We acquire such knowledge from domain experts and capture it in some kind of domain model. In simple cases, we can scribble these models on paper. This approach works fine for small projects and when the experts help us decipher their handwriting. But it's better to have models that directly translate into a Java program. For instance, we can use Unified Modeling Language (UML) to sketch the domain models with class diagrams and use cases. UML is quite good for quickly getting to an implementation, but it is basically a language for object-oriented programming that few domain experts fully understand. And it consists of a fixed set of modeling constructs (such as classes and attributes) that are not very useful when domain experts would rather talk about specific business processes, products, and monsters.

If you want to more closely involve your experts and customers in the development process, you need more than UML. In this article, you will learn how to use Protégé, a simple yet powerful tool optimized for building domain models. Although Protégé was originally developed 15 years ago to support knowledge acquisition for rather specialized medical expert systems, it has also become very popular for many other purposes. Protégé is open source and currently has more than 7,500 registered users.

In a nutshell, you can use Protégé for the following:

  • Class modeling. Protégé provides a graphical user interface (GUI) that models classes (domain concepts) and their attributes and relationships.
  • Instance editing. From these classes, Protégé automatically generates interactive forms that enable you or domain experts to enter valid instances.
  • Model processing. Protégé has a library of plug-ins that help you define semantics, ask queries, and define logical behavior.
  • Model exchange. The resulting models (classes and instances) can be loaded and saved in various formats, including XML, UML, and RDF (Resource Description Framework). Protégé also provides a very scalable database back end.

From a programmer's perspective, one of Protégé's most attractive features is that it provides an open source API to plug in your own Java components and access the domain models from your application. As a result, you can develop systems very rapidly: just start with the underlying domain model, let Protégé generate the basic user interface, and then gradually write widgets and plug-ins to customize look-and-feel and behavior. You can even give Protégé to your customers and, with little training, let them build their own knowledge and requirement models.

Get started

I walk you through an example project to demonstrate how Protégé works and what else you can do with it. You can download all relevant files for this project from Resources and play with the tool while you read.

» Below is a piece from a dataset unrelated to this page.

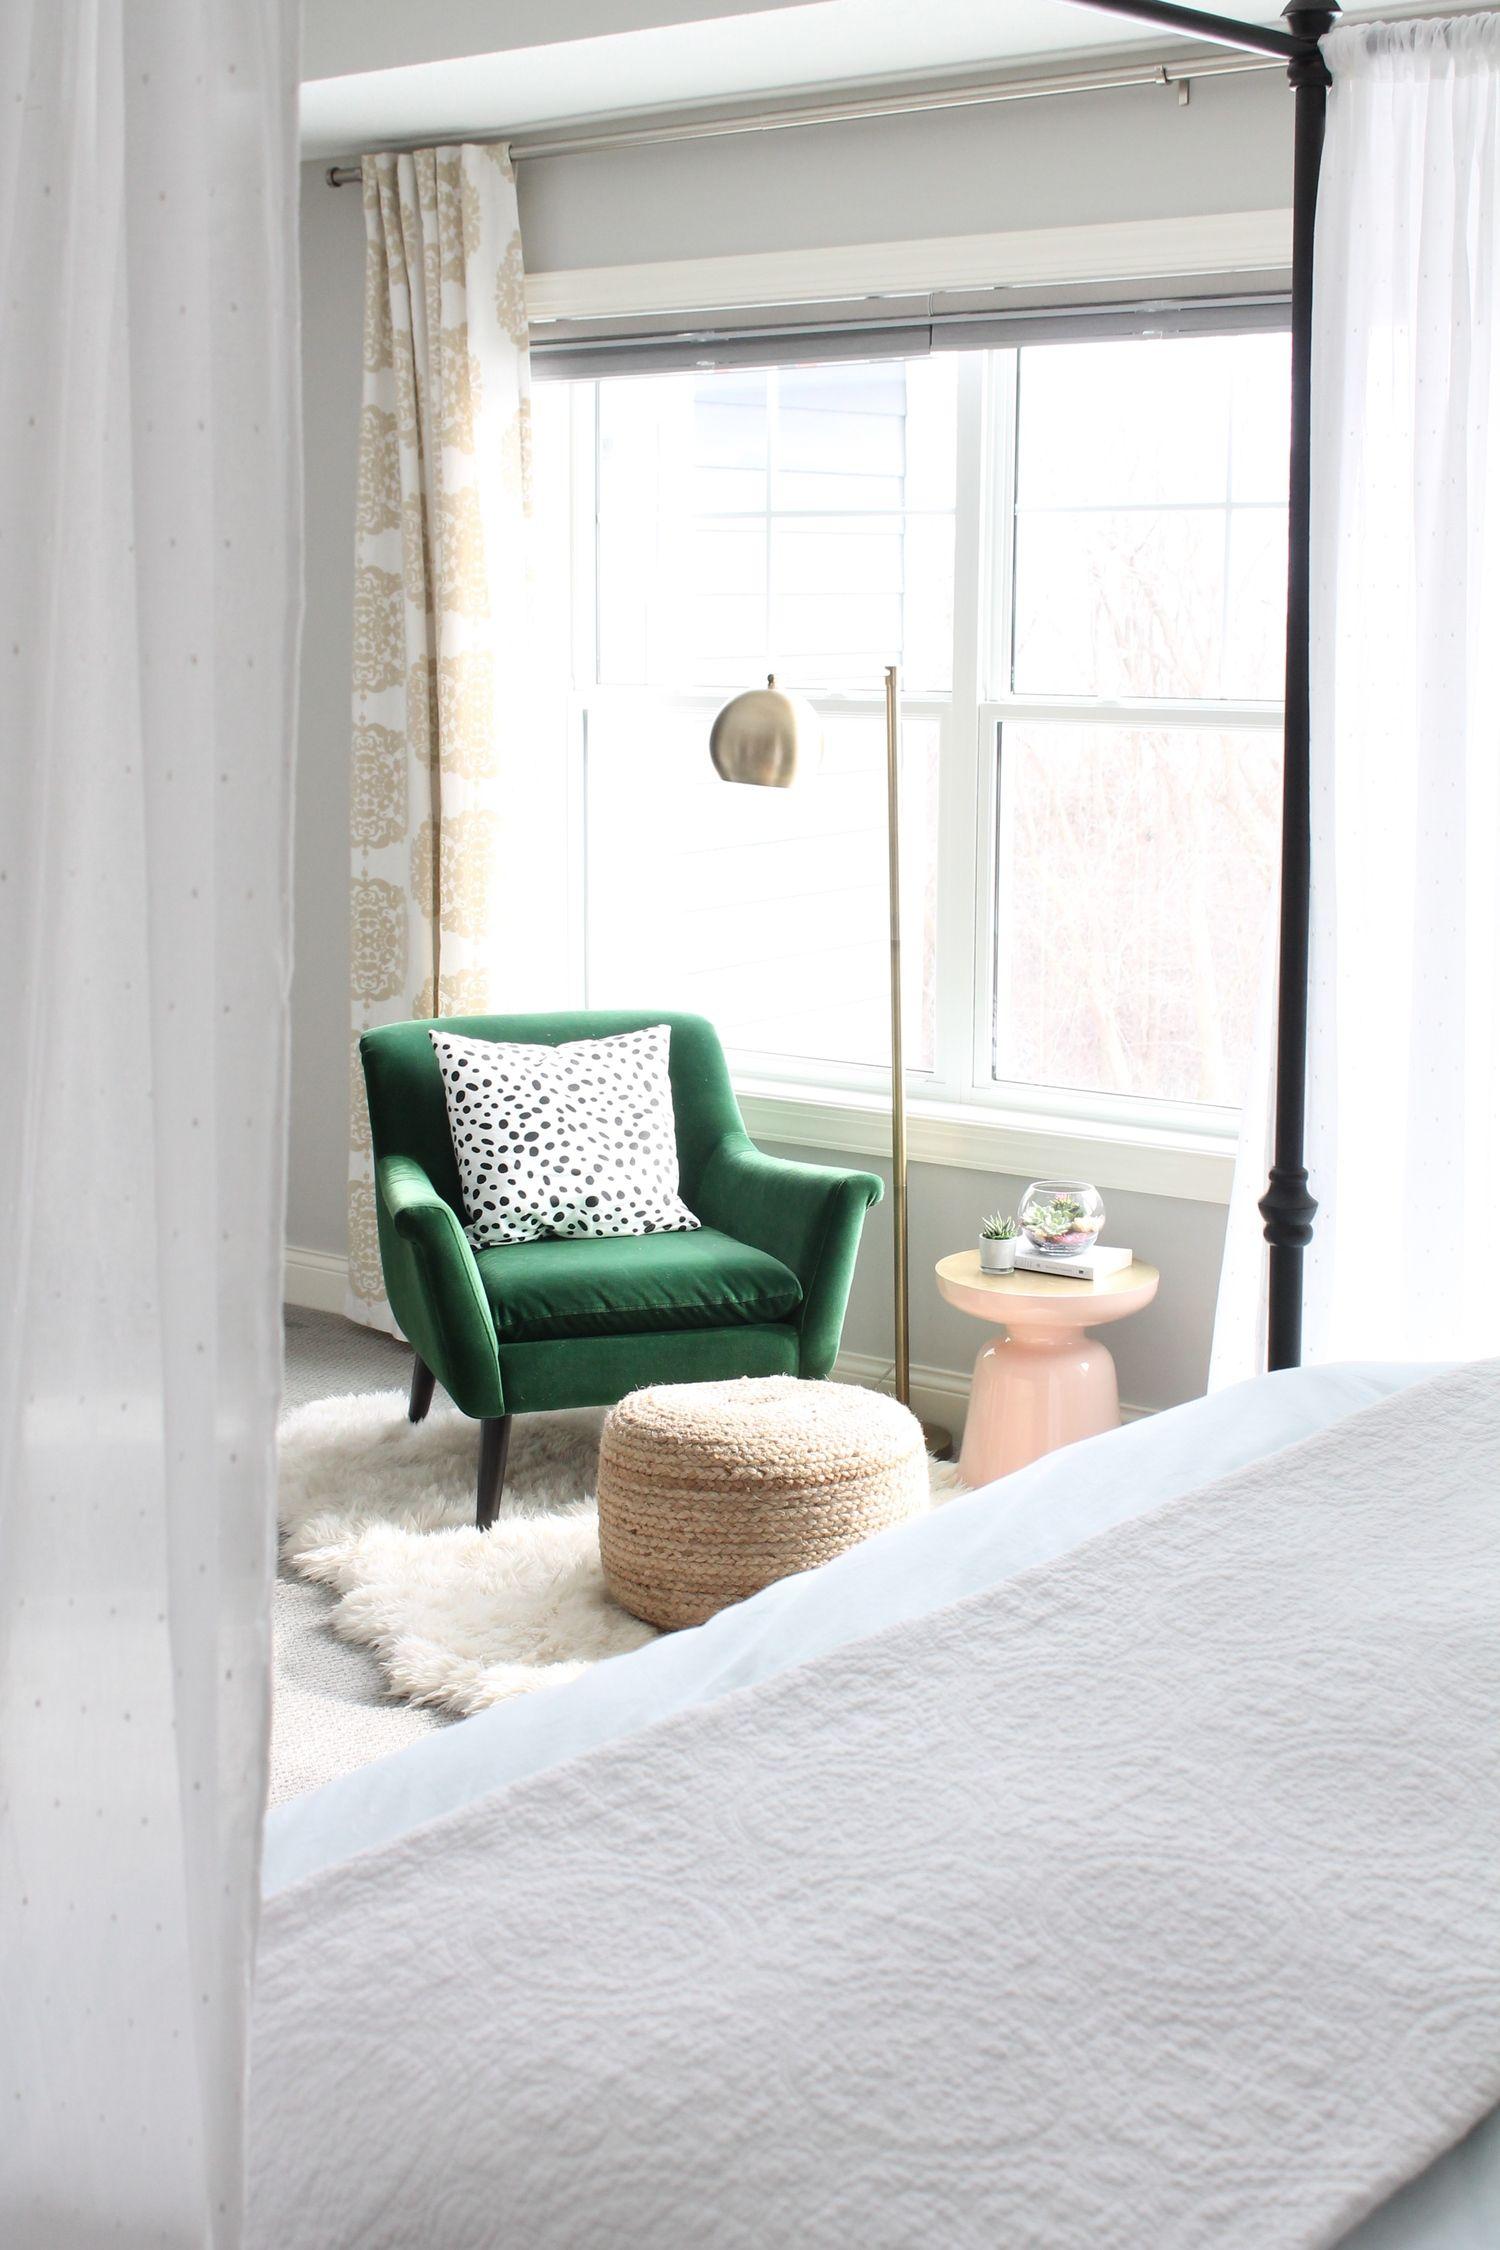 Master bedroom green  Feb  Master Bedroom Reveal  Bedroom green Green velvet and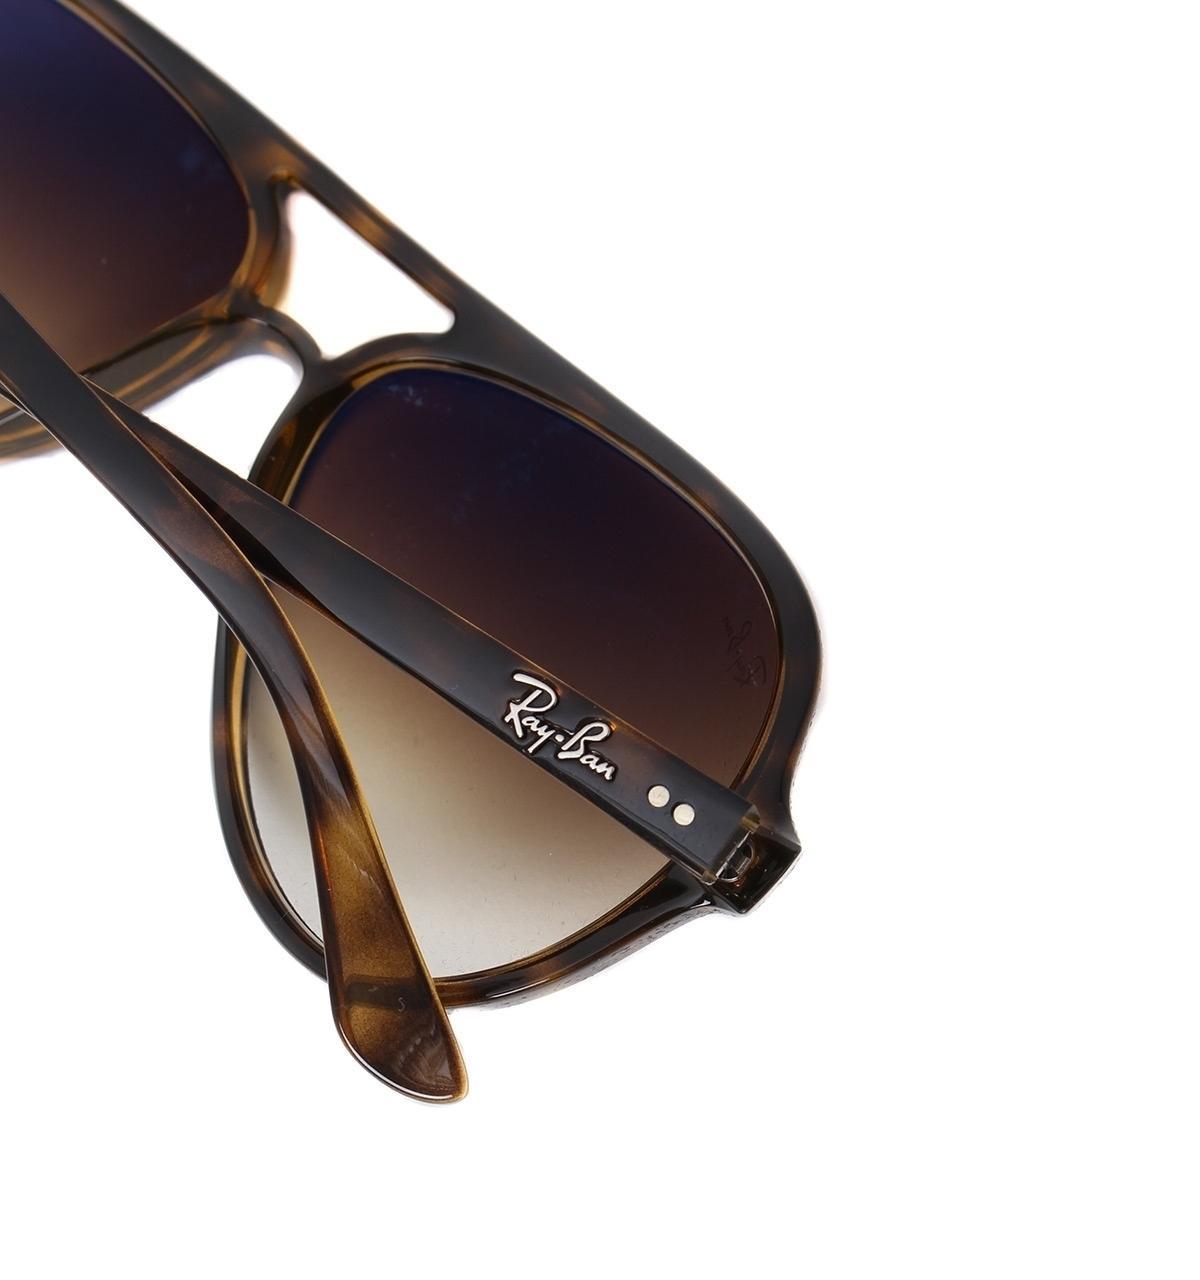 ... Ray Ban Cats 5000 Tortoise Sunglasses for Men - Lyst. View fullscreen a319d7a0c9

Let's assume our task is to develop a system that helps manage the articles and authors for an online magazine like JavaWorld. Articles are categorized by means of a topical index, consisting of keywords like "Swing" or "Design Patterns." Our system uses this index to propose related articles to the magazine's readers. The readers can provide feedback on the articles and rate their quality. The system uses this information to help editors decide whether submitted articles are worth publishing. This decision might depend on the ratings that previous articles by the author have received and whether articles with related topics have been recently published.

Install Protégé

Protégé is the result of various artificial intelligence (AI) and knowledge-modeling projects from the Medical Informatics group at Stanford University. The Protégé Website provides documentation, tutorials, and an extremely active discussion list. You can report problems and find a plug-in library, a collection of domain models, and the Protégé software.

Installers for all major platforms are available on Protégé's download page. To run Protégé (version 1.8), you need a Java 2 Platform, Standard Edition (J2SE) virtual machine (version 1.3 or above). You can choose to automatically install a suitable virtual machine from the Website. For this tutorial, don't forget to download the example project and extract it into a folder such as the examples folder from your Protégé installation.

When you start Protégé, the Welcome screen lets you choose to open an existing project or create a new one. Click on "Open other..." and select the Online Magazines.pprj project.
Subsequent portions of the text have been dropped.